Reputation: 41
I have a problem in OpenCL 1.2.
Look, i have an array as __global
in the kernel and the group size is 1000.
The problem is that the atomic_add()
function doesn't work correctly.
My kernel code is :
__kernel void kernelfunction(__global uint32_t* buffer){
buffer[3] = 100;
atomic_add(&buffer[3], 1);
...
}
If I create 1000 threads, I expect the value of buffer[3]
will be 1100, am i right?
but the behavior of the program is undefined.
sometime it will be 1100, sometimes 1064, sometimes 1093 and ...
What I have tried:
I also enable the opencl extension like below :
#pragma OPENCL EXTENSION cl_khr_global_int32_base_atomics : enable
but the problem is still exists.
in the another project I'd create a simple opencl project and the atomic_add
works correctly, and I've checked almost the entire of project configuration but i don't know the problem where is.
can you help me? thanks
Upvotes: 3
Views: 2399
Reputation: 11918
Without atomics, a simple access has a race condition when done onto a same element and even worse, all data could have been cached per compute unit and not be updated until kernel ends.
buffer[3] = 100;
this is undefined behaviour.
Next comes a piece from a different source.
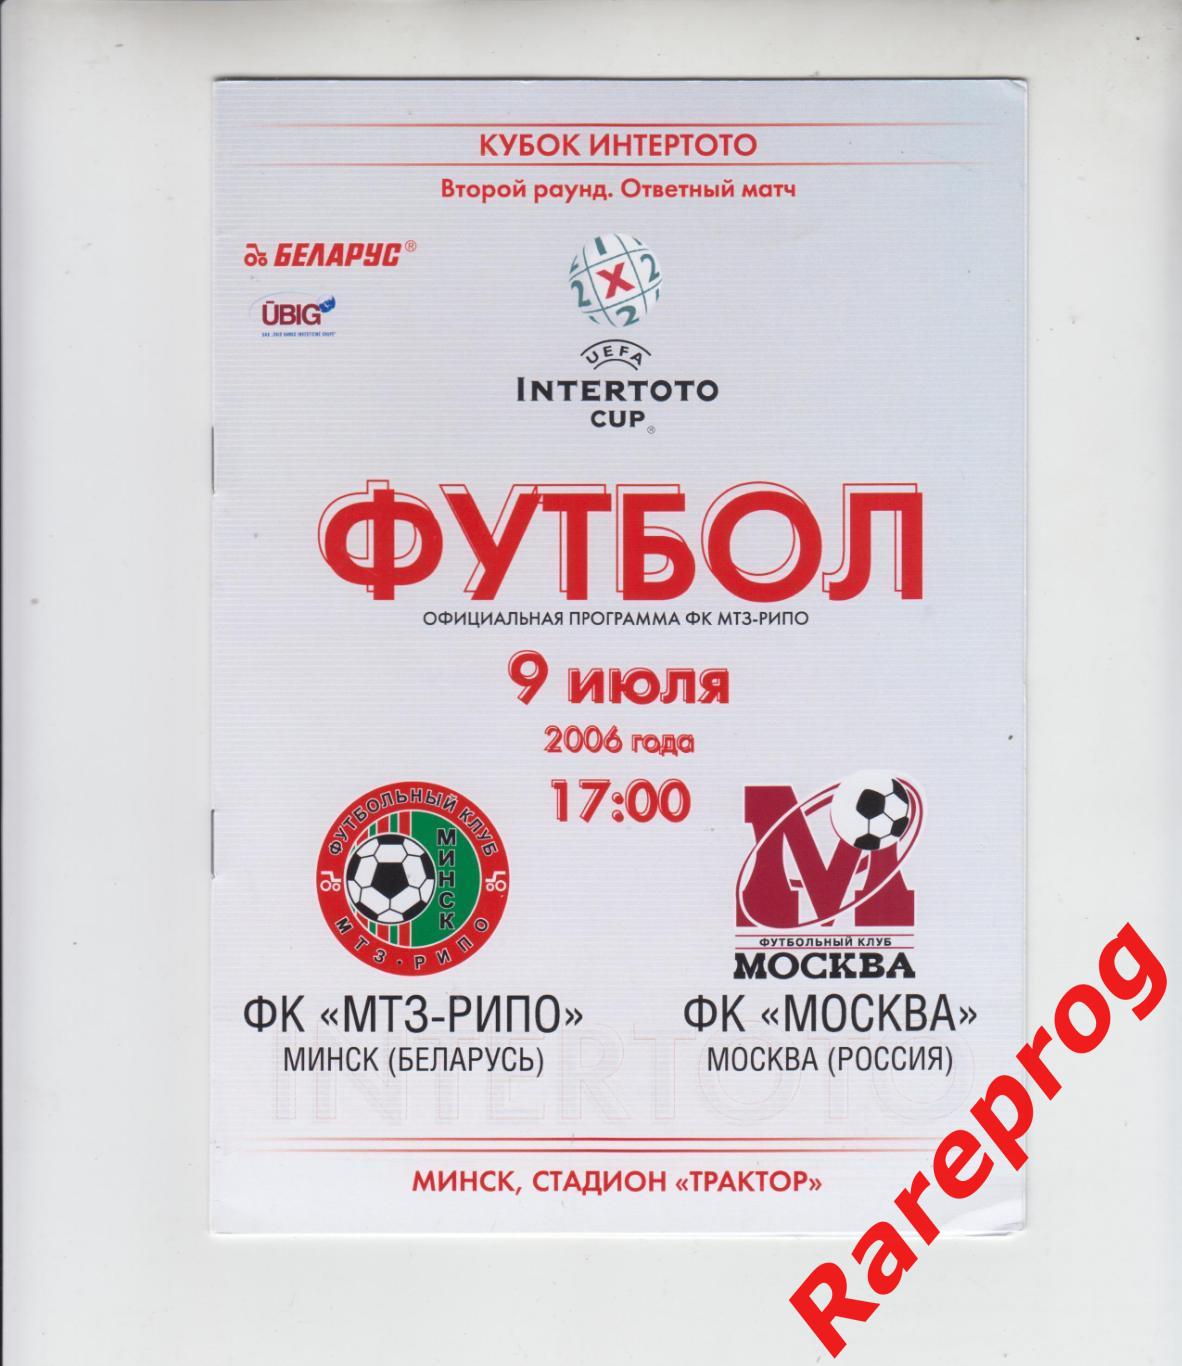 МТЗ - РИПО Беларусь - ФК Москва Россия 2006 кубок Интертото УЕФА
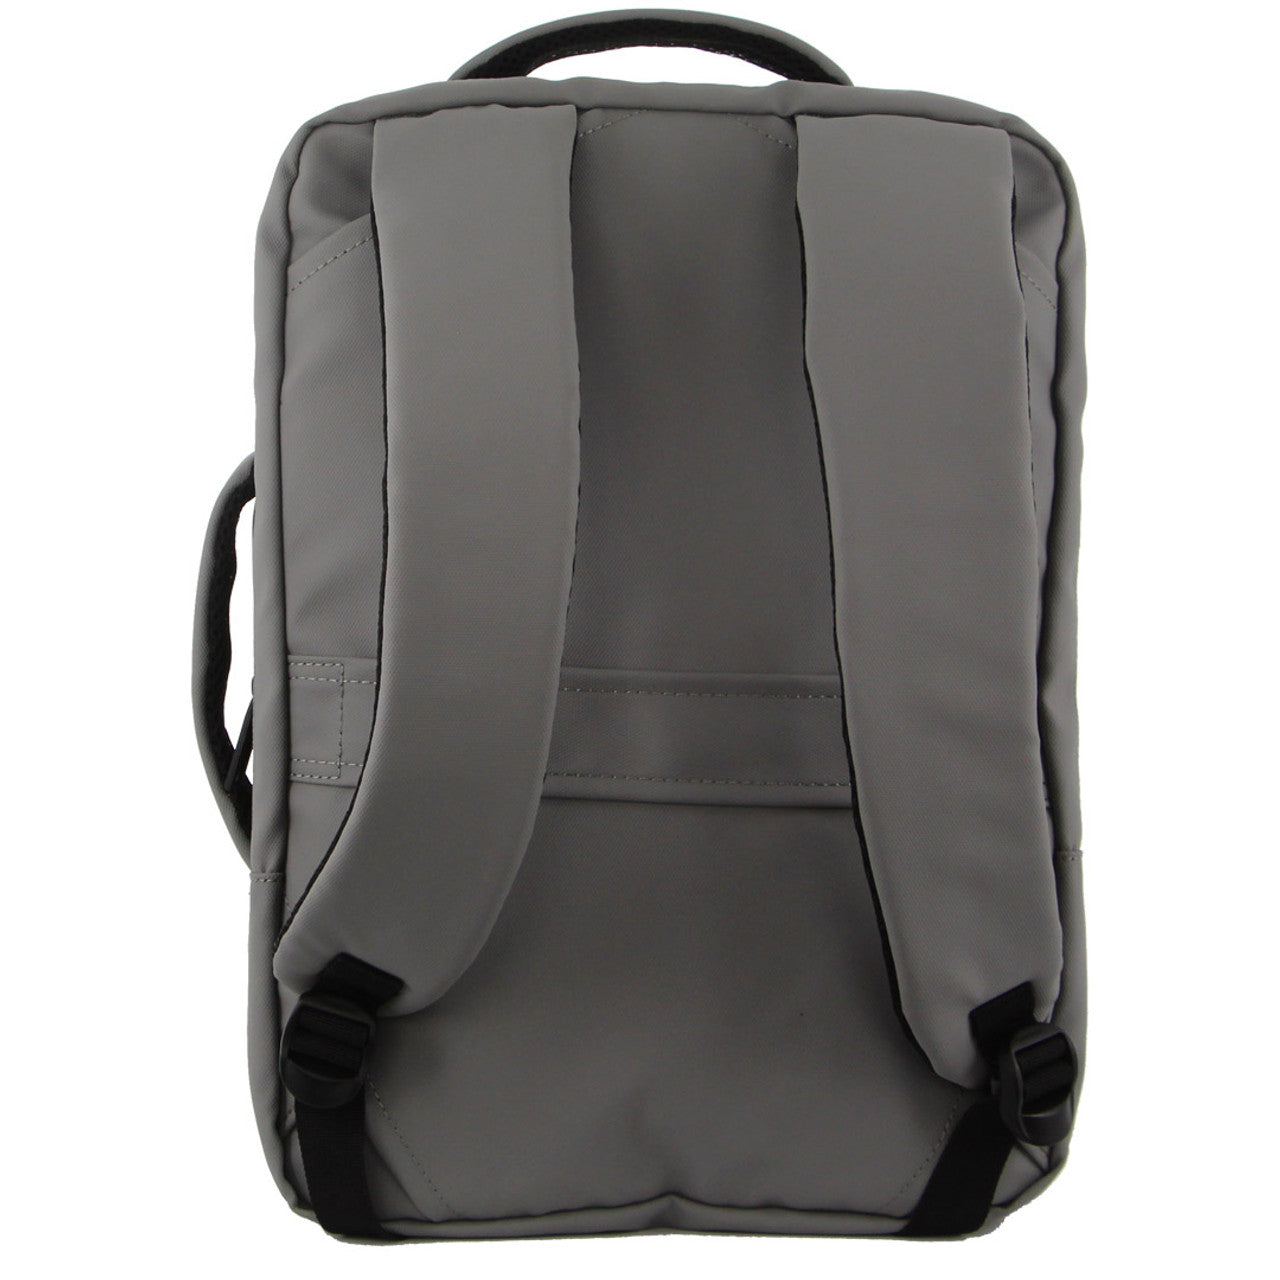 Pierre Cardin - PC3623 Top & Side handle 15in Laptop backpack w USB port - Black-3

The result could even be 101;
Even threads in same local group can't have true data without a synchronization command.
Initialization should be made by host because gpu runs threads concurrently. Not serially, excluding atomics. Or, you initialize for its own group (not visible from other groups) and add a barrier(CLK_GLOBAL_MEM_FENCE)
after that so other threads in same group can see it right.
Upvotes: 7